◆ What to do ◆
Would you retype the listing below word for word, without any of its pictures?

◆ Data below ◆
::::

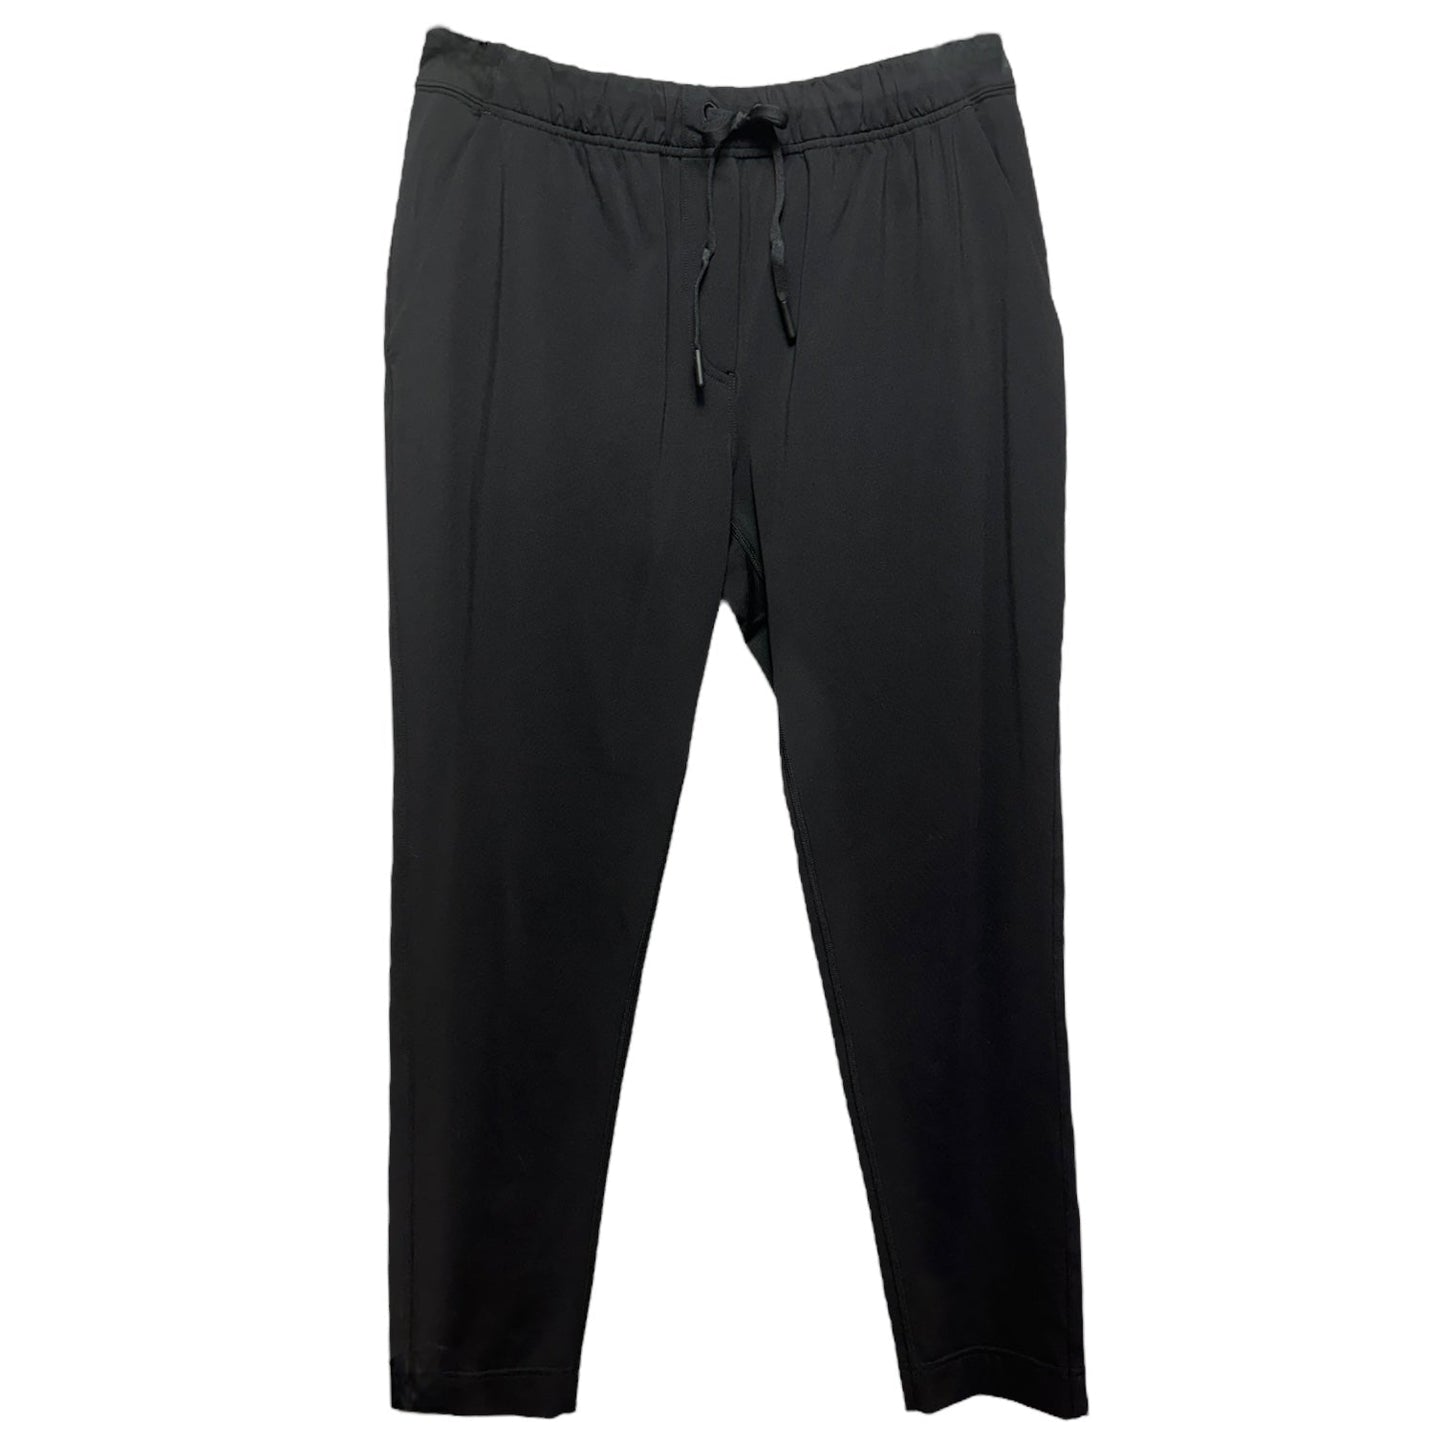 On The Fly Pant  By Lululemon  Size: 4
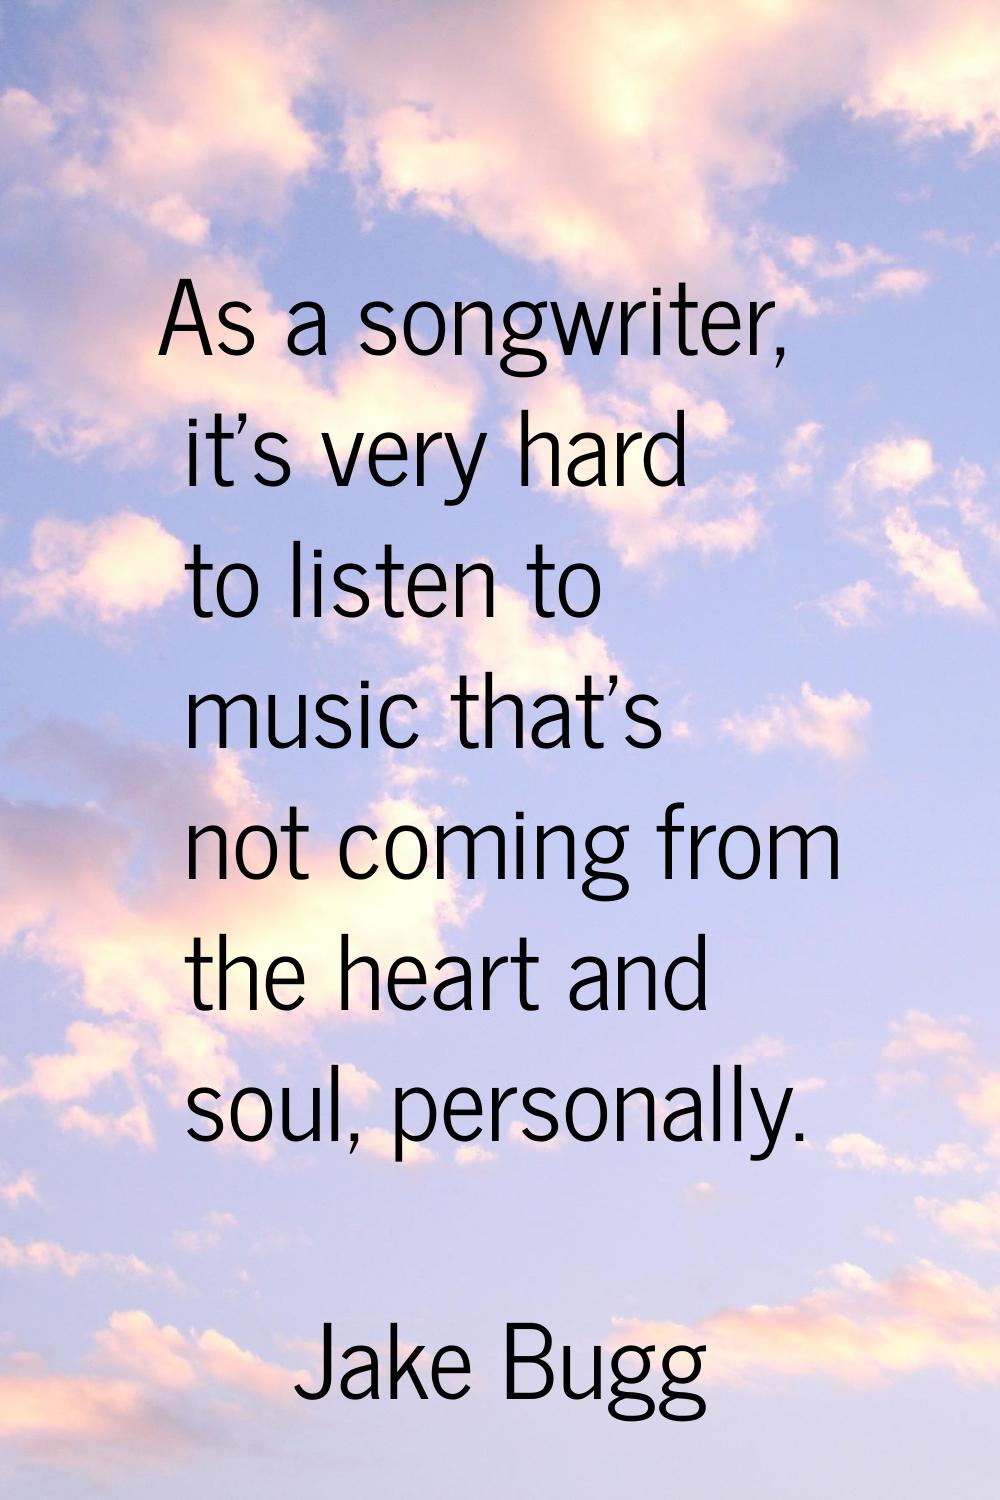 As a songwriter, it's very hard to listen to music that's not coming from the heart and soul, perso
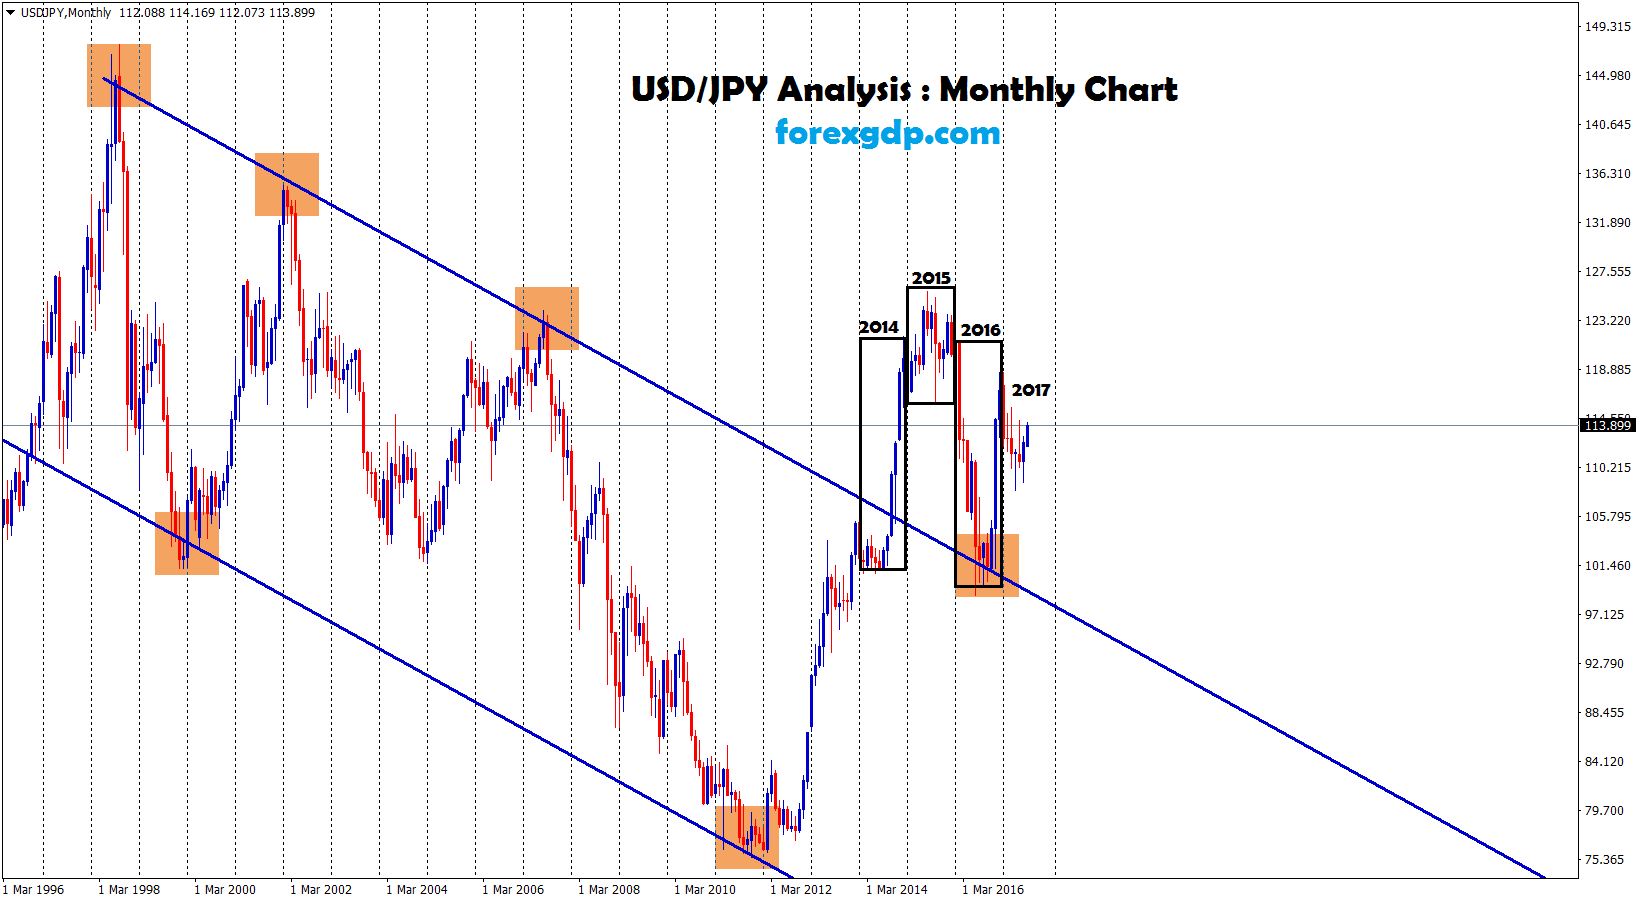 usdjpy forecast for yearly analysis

::::

◆ Your response ◆
 On The Fly Pant  By Lululemon  Size: 4
 As a songwriter, it's very hard to listen to music that's not coming from the heart and soul, perso
 usdjpy forecast for yearly analysis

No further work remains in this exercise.